Most AI is getting cheaper. The best models still aren't.
Frontier models, the most capable AI, are getting pricier while commodity AI keeps falling, leaving buyers with a split decision.
Frontier models, the most capable AI, are getting pricier while commodity AI keeps falling, leaving buyers with a split decision.
OpenAI's o1-preview cost $15 per million tokens to read a prompt and $60 to send one back in late 2024. Four months later, DeepSeek R1 listed at 55 cents and $2.19, a 97% discount that repriced the market overnight.
Commodity inference has fallen from about $20 per million tokens in late 2022 to roughly $0.40 today, a 55x decline in less than four years, per Introl's December 2025 unit-economics analysis cited by AI engineer Aman Panjwani in The Register.
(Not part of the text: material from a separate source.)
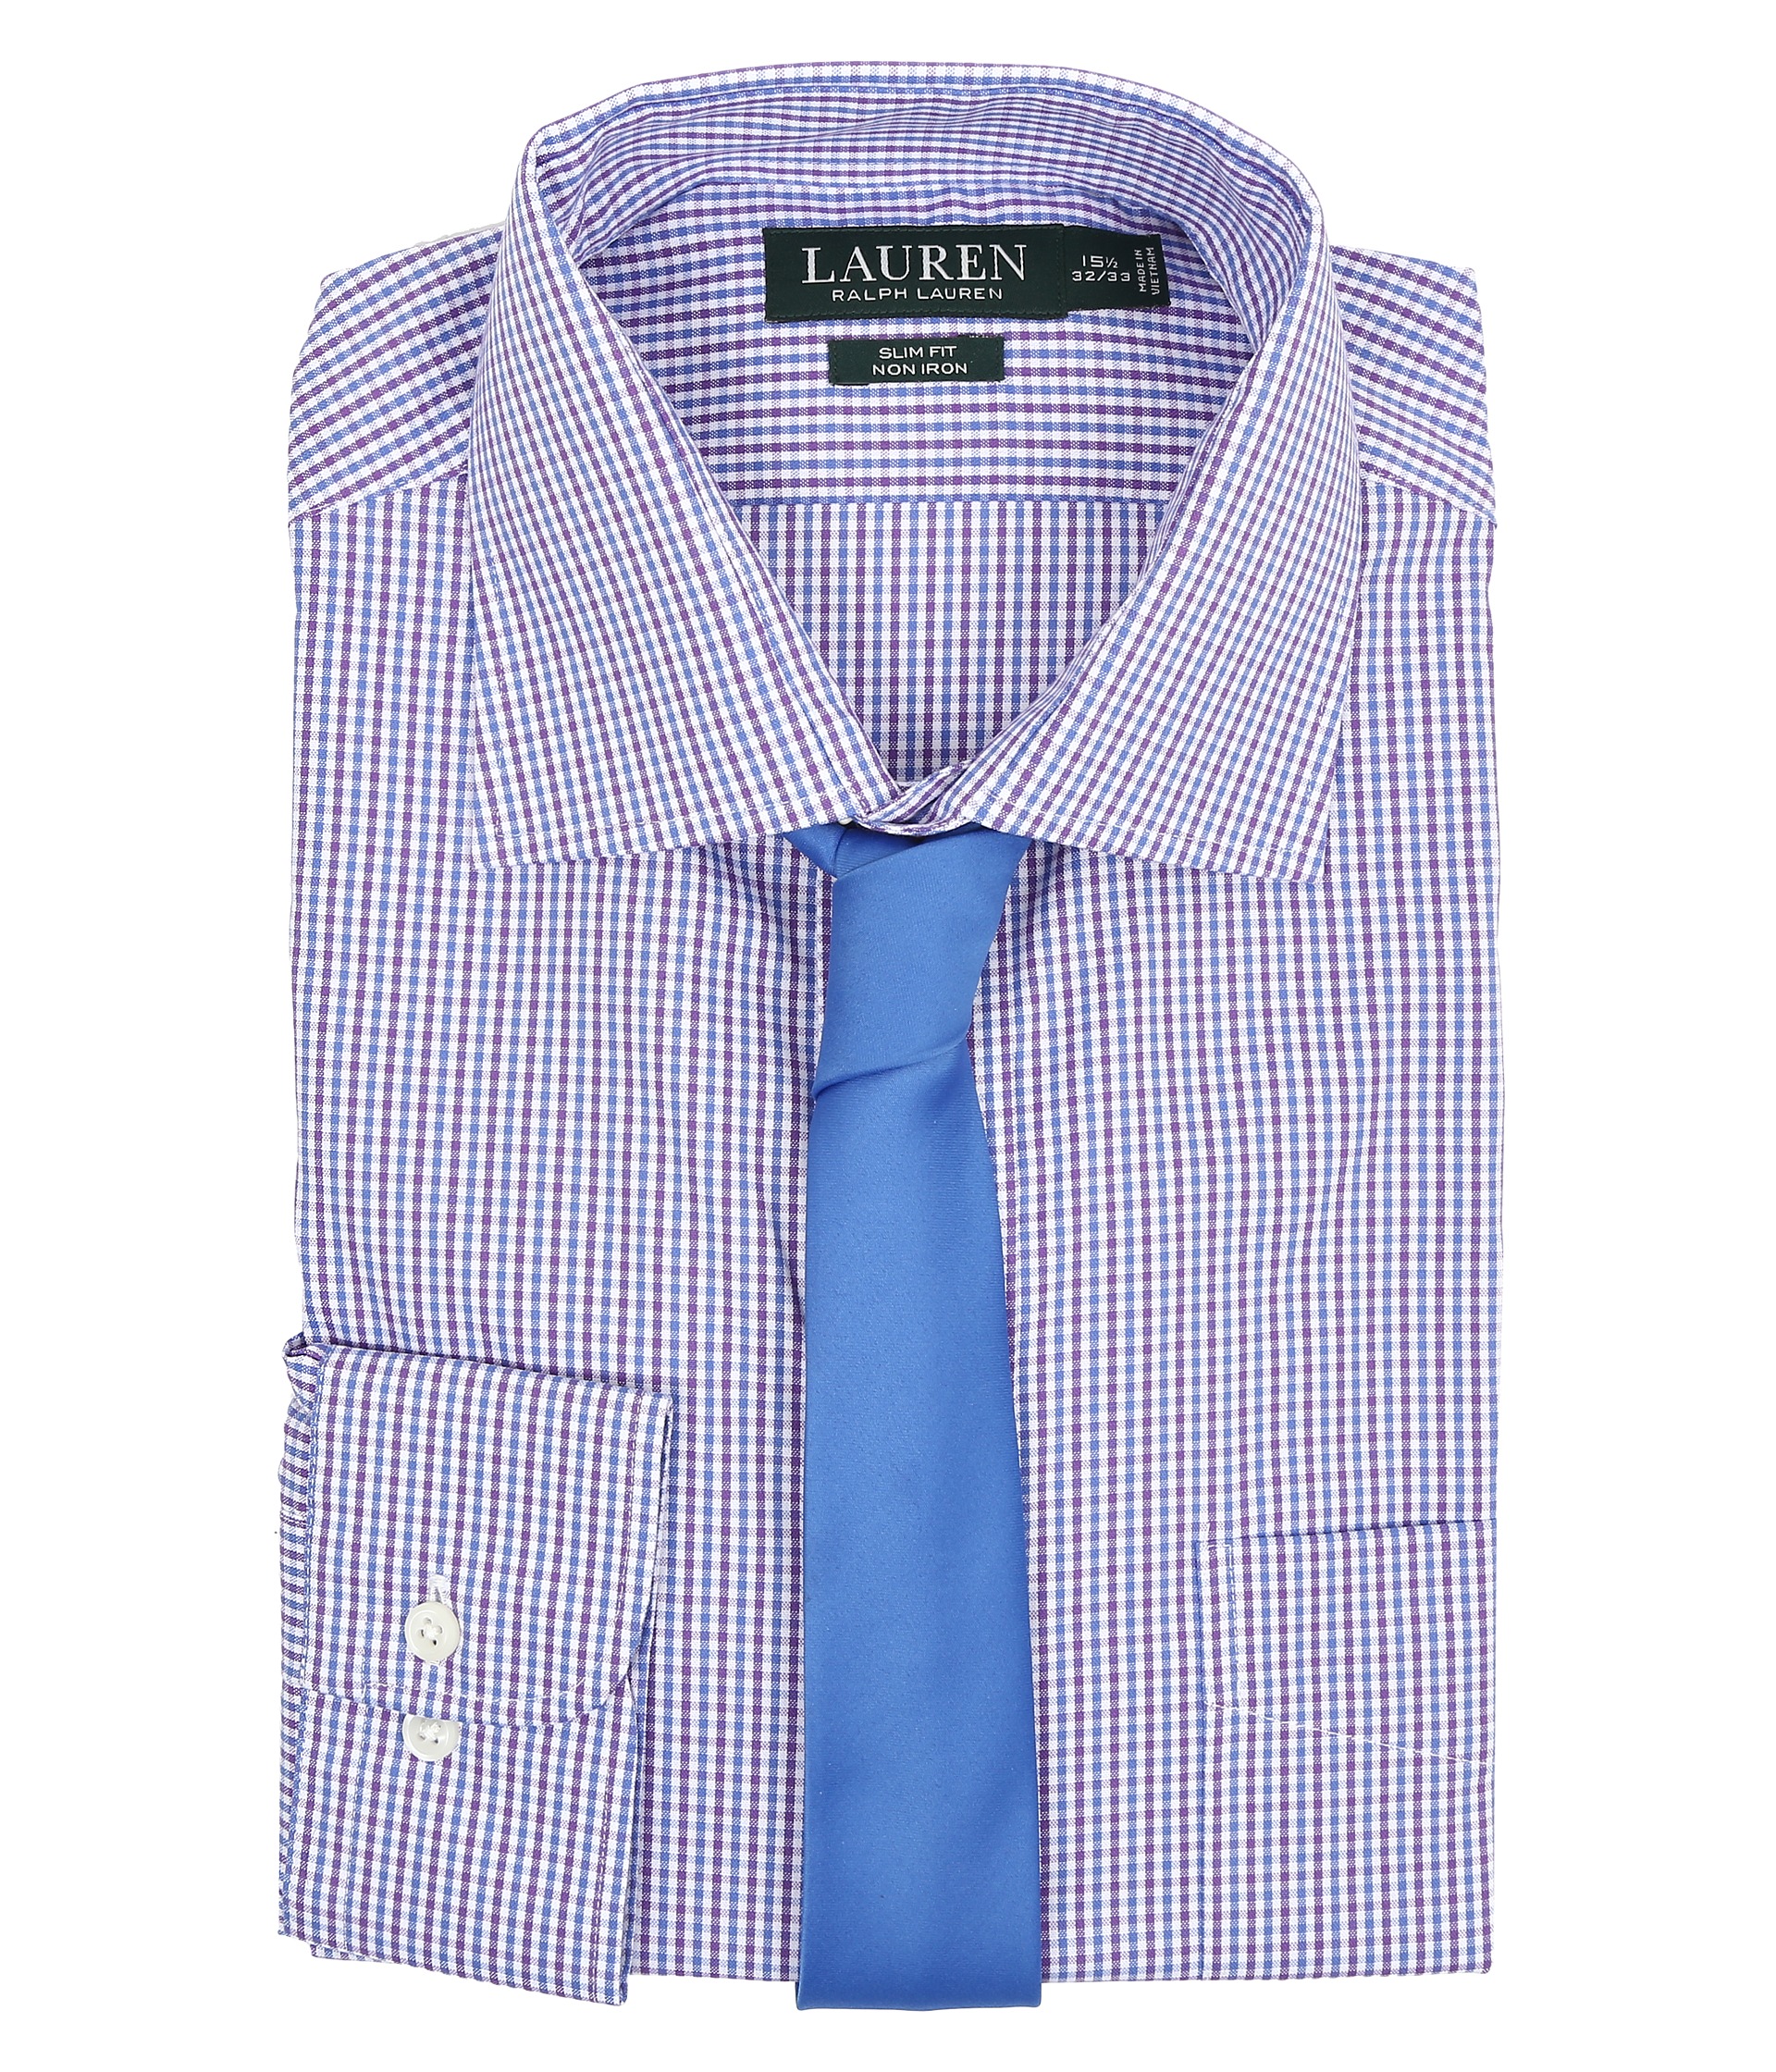 LAUREN Ralph Lauren Check Spread Collar Slim Shirt White/Blue/Purple

Frontier pricing is moving the other way: OpenAI doubled GPT-5.5 to $5 input and $30 output per million tokens, and Google priced Gemini Flash 3.5 at a 3–6x premium over its predecessor.
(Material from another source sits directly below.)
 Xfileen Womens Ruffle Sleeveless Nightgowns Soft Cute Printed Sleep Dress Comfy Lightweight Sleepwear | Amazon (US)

Larridin CTO Ameya Kanitkar told The Register that engineering-ops token costs at his firm rose about 10x between January and July 2026, driven by agentic workloads and Anthropic's shift of corporate customers from per-seat to metered pricing. Larridin's data puts the threshold at 35–40% of a client's AI budget: past that line, more spend does not buy more productivity, and capping there can cut AI costs about 40% with no other change.
Below the line, buy the cheapest model that handles the task. Above it, the real question is whether the work needs a frontier model at all.